▸ **INFORMATION PROVIDED**
+ + + + + + +

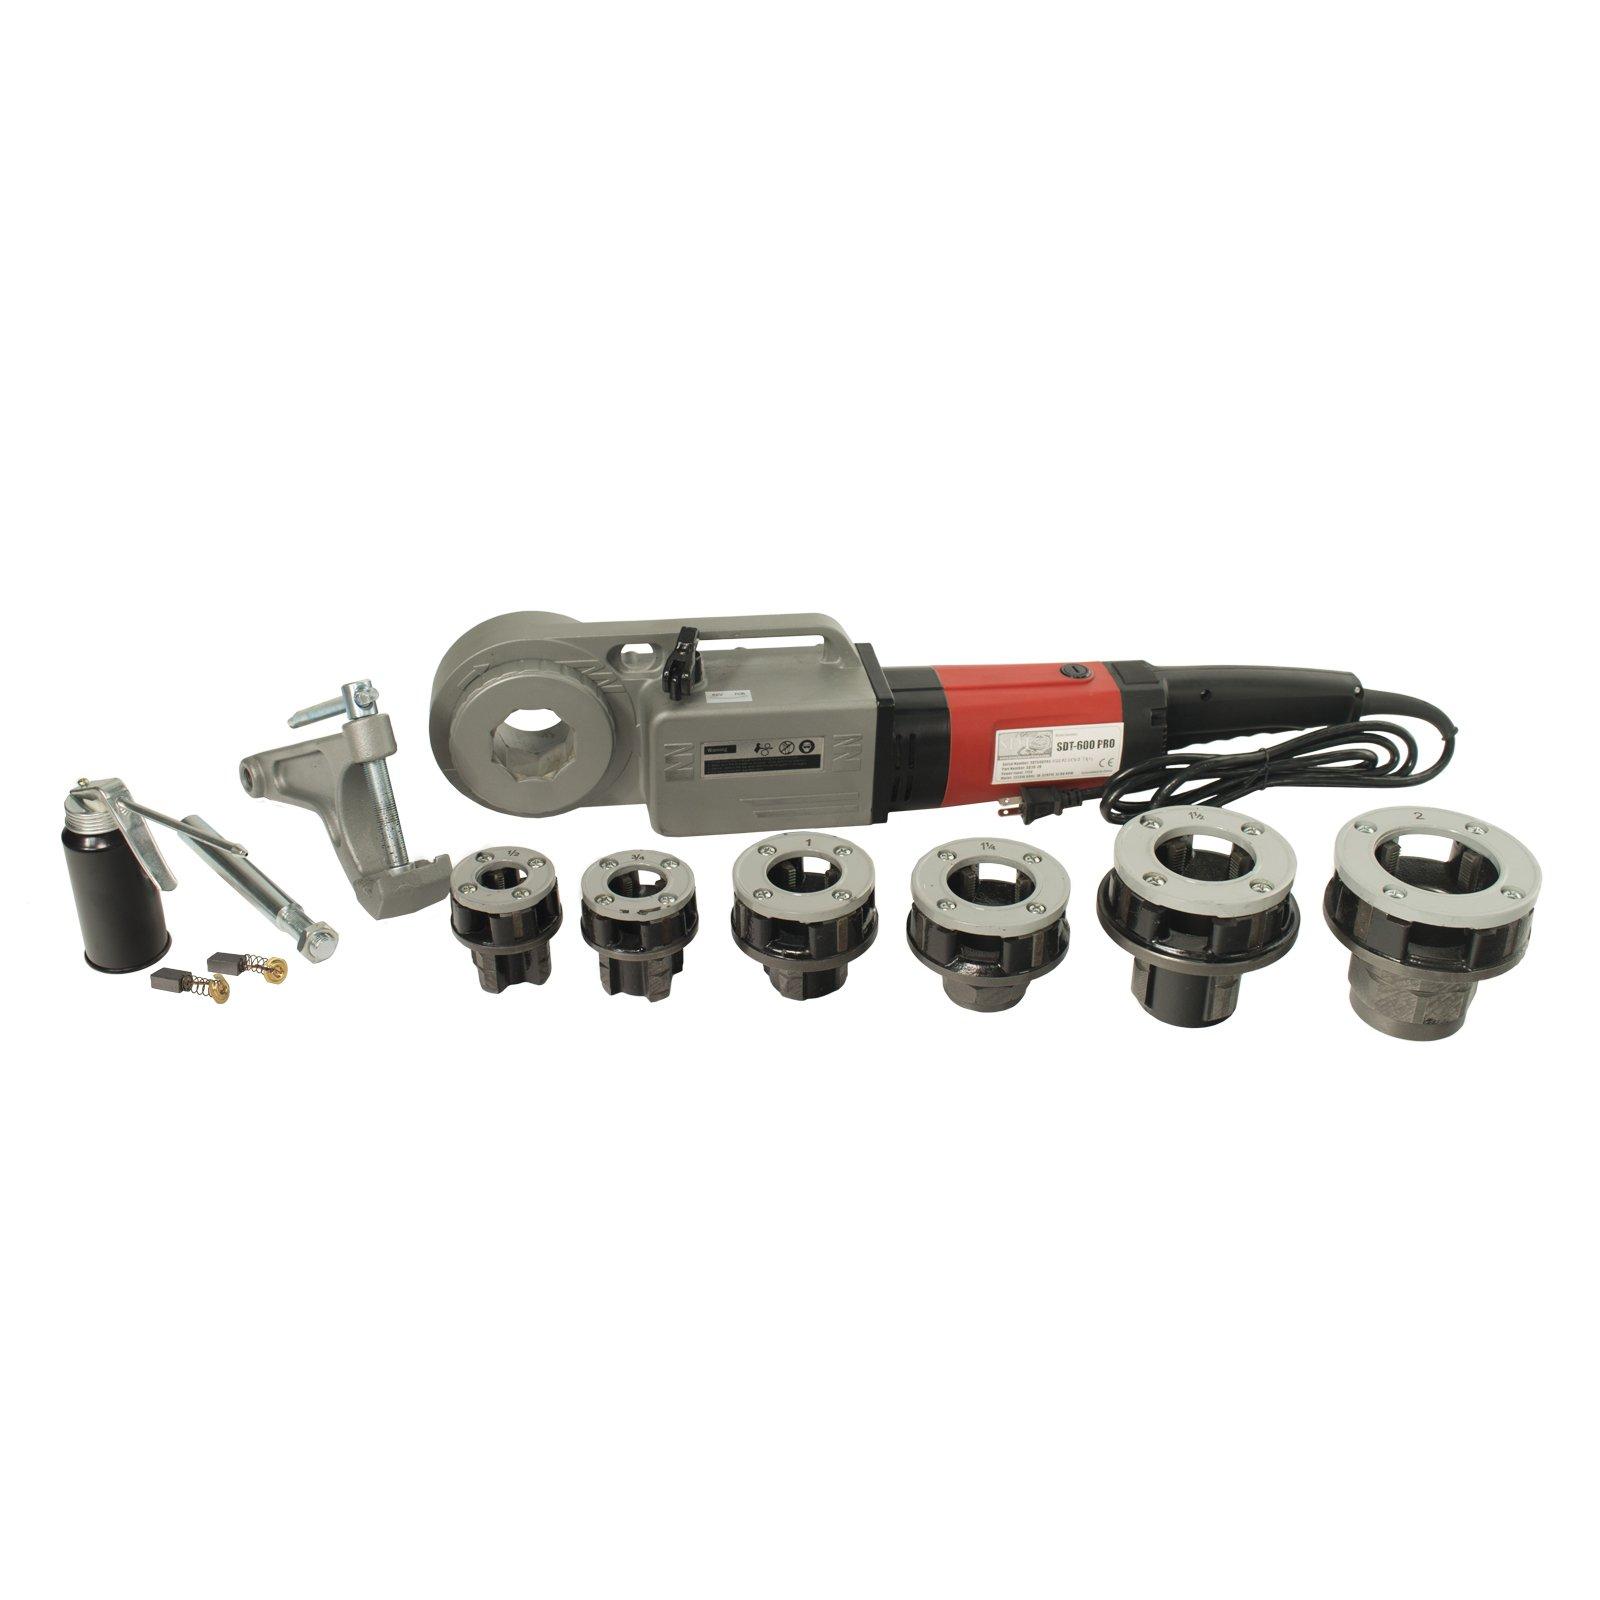 Steel Dragon Tools 600 Pro 1/2''-2'' Pipe Threader 16013 fits RIDGID 11-R Die Heads, 12-R Dies
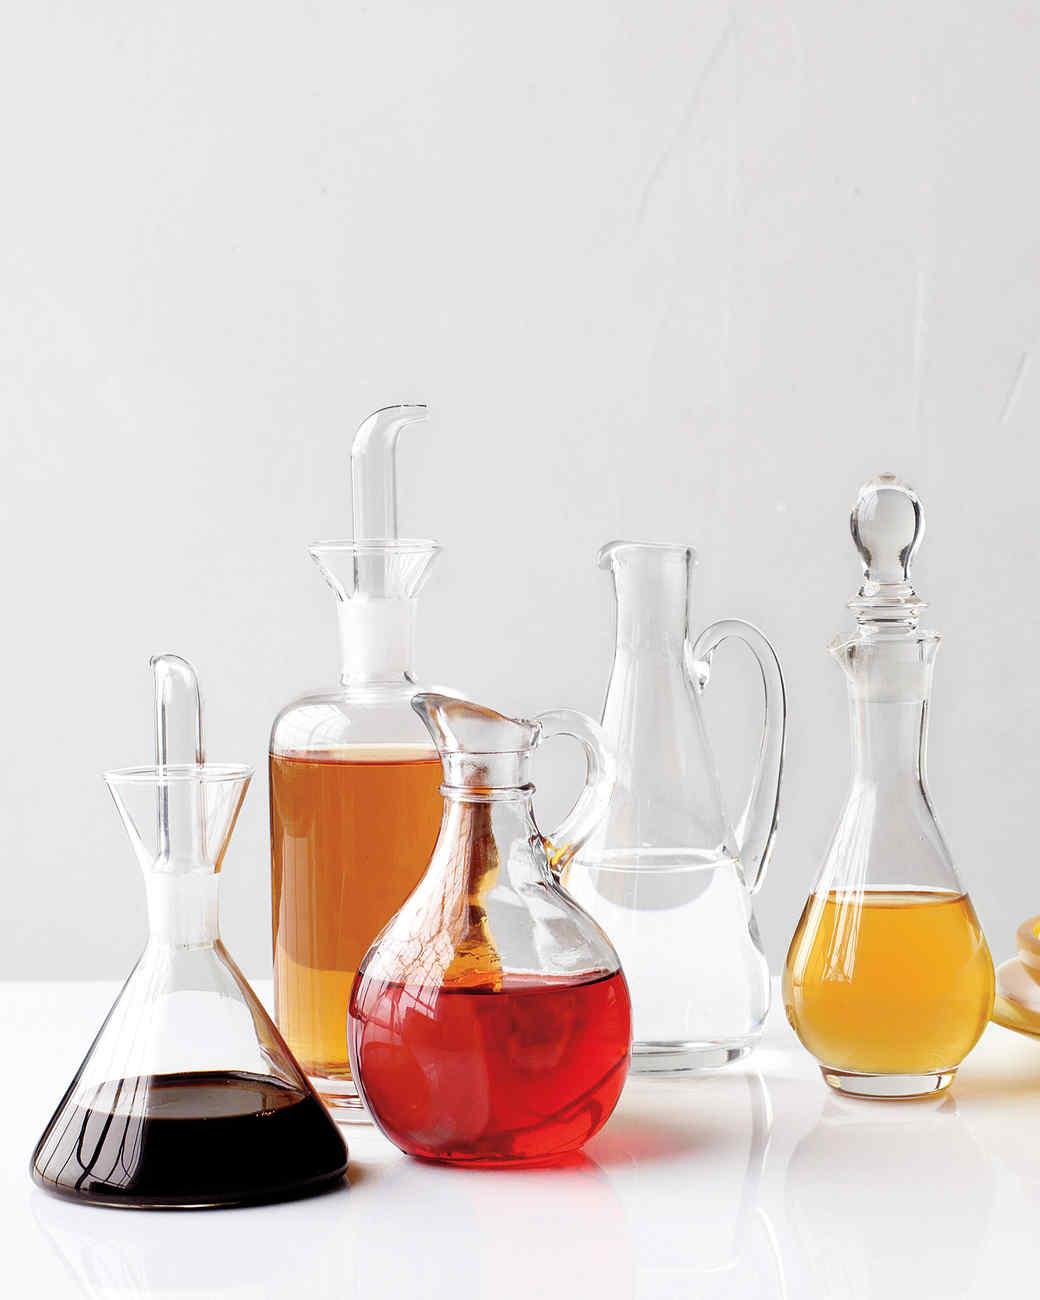 vinegars-hyt-0511med106942.jpg
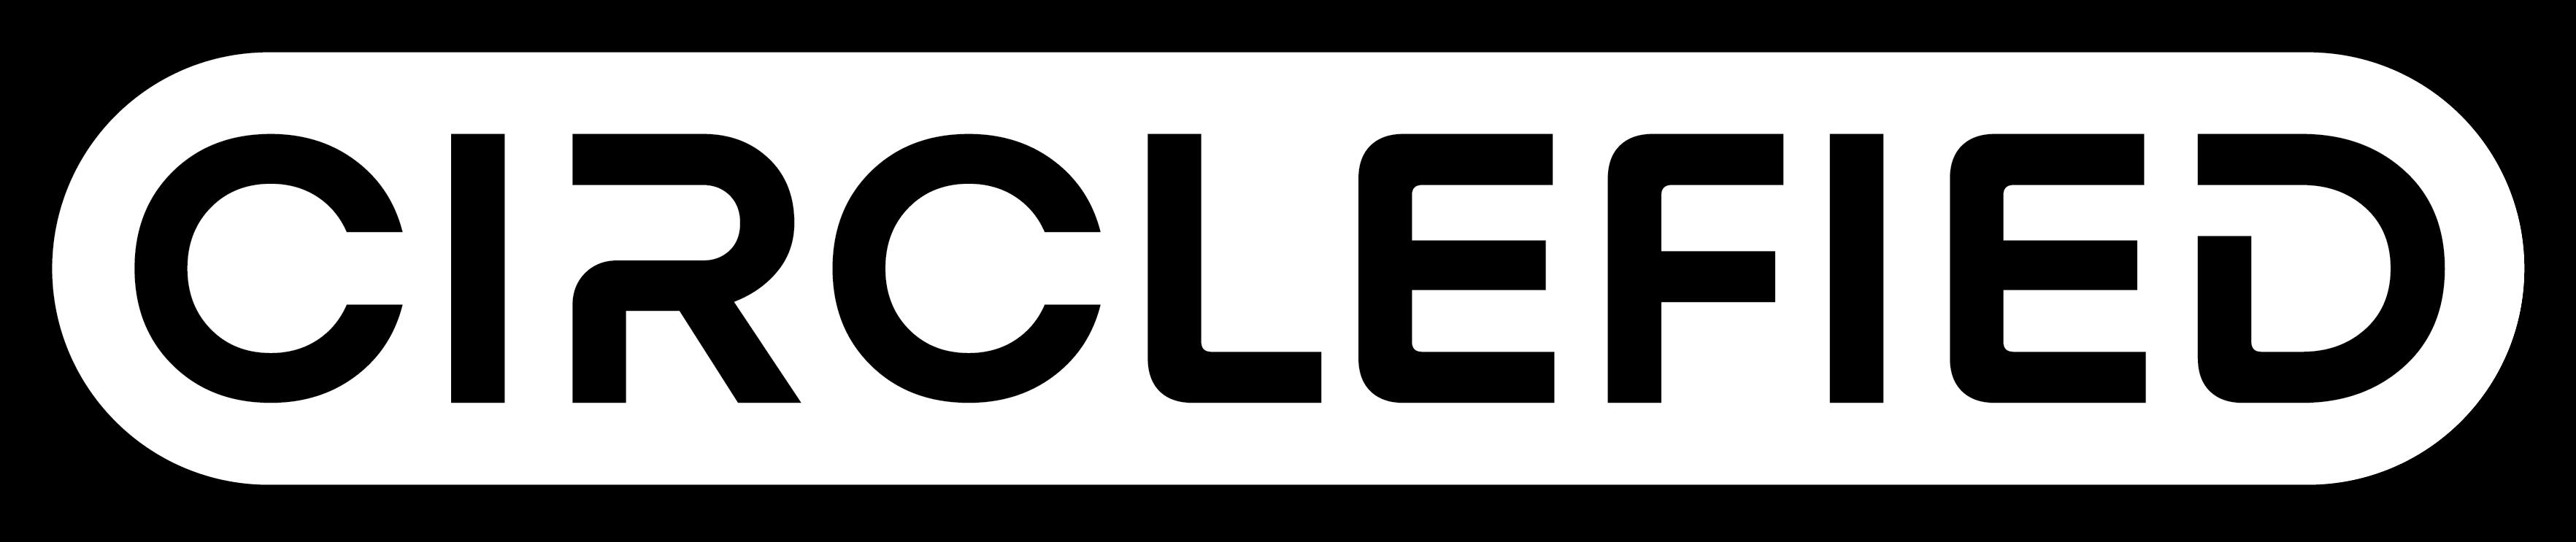 Circlefied logo
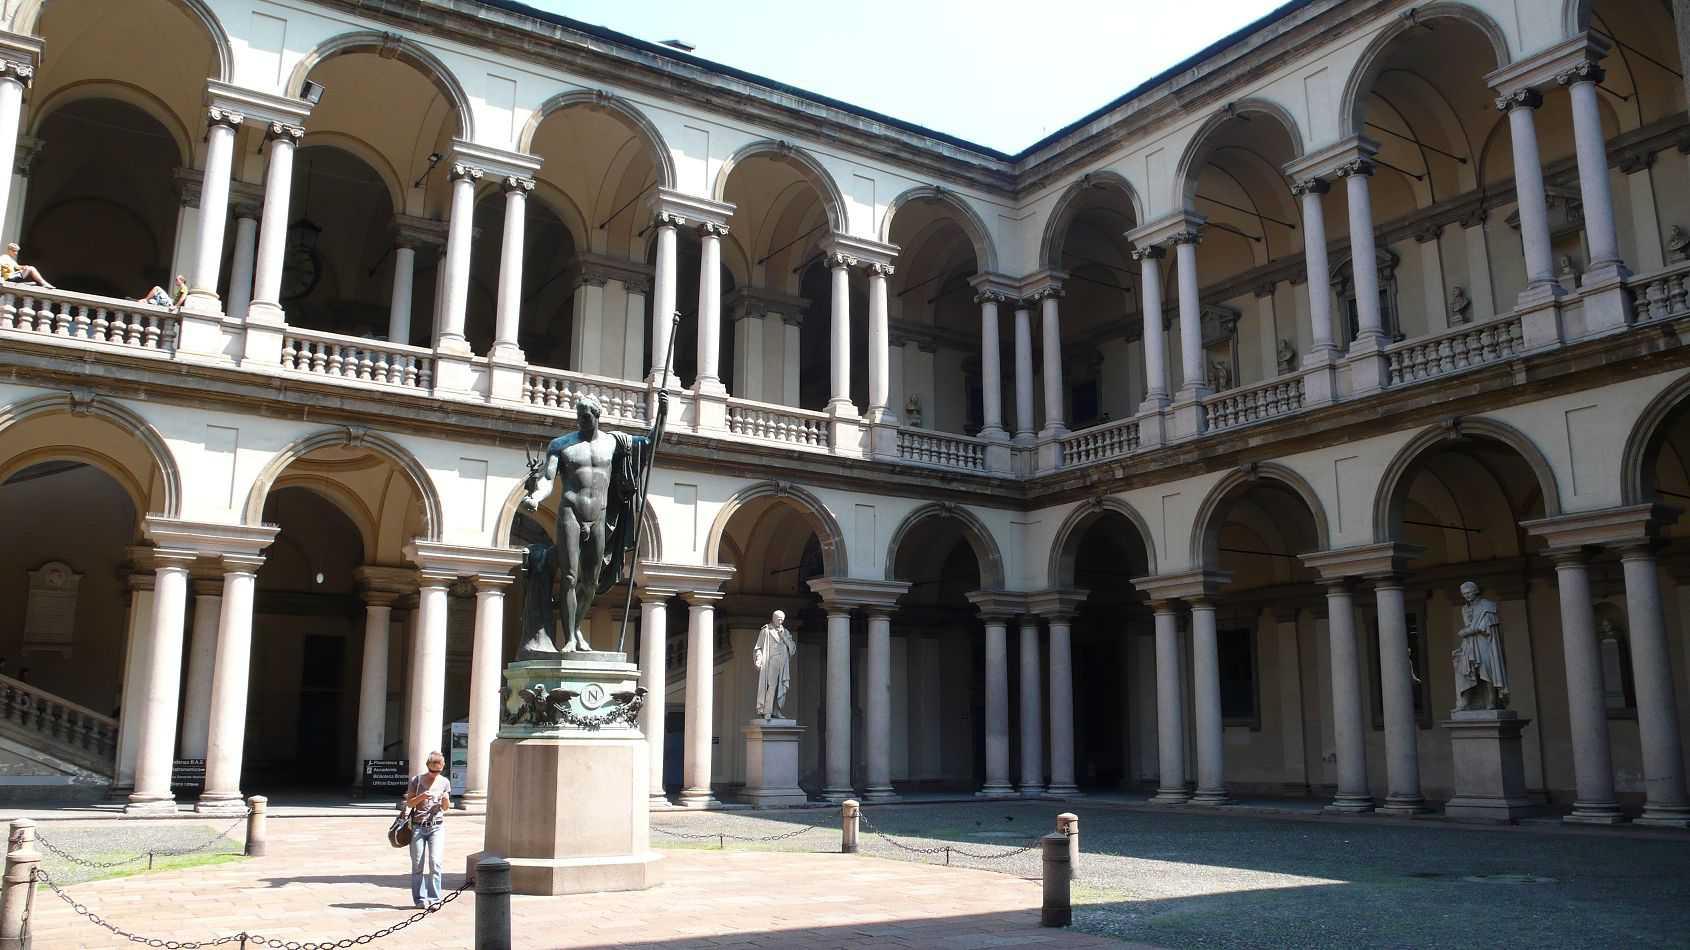 Accademia aperta ingresso libero tra brera gallerie d for Accademia di milano

+ + + + + + +

▸ **WHAT YOU WILL DO**
Only the lines from the one containing "Circlefied logo" through the end of the listing should be output, word for word and inclusive; keep pictures out.

▸ **EXPECTED ANSWER**
 Circlefied logo
 Accademia aperta ingresso libero tra brera gallerie d for Accademia di milano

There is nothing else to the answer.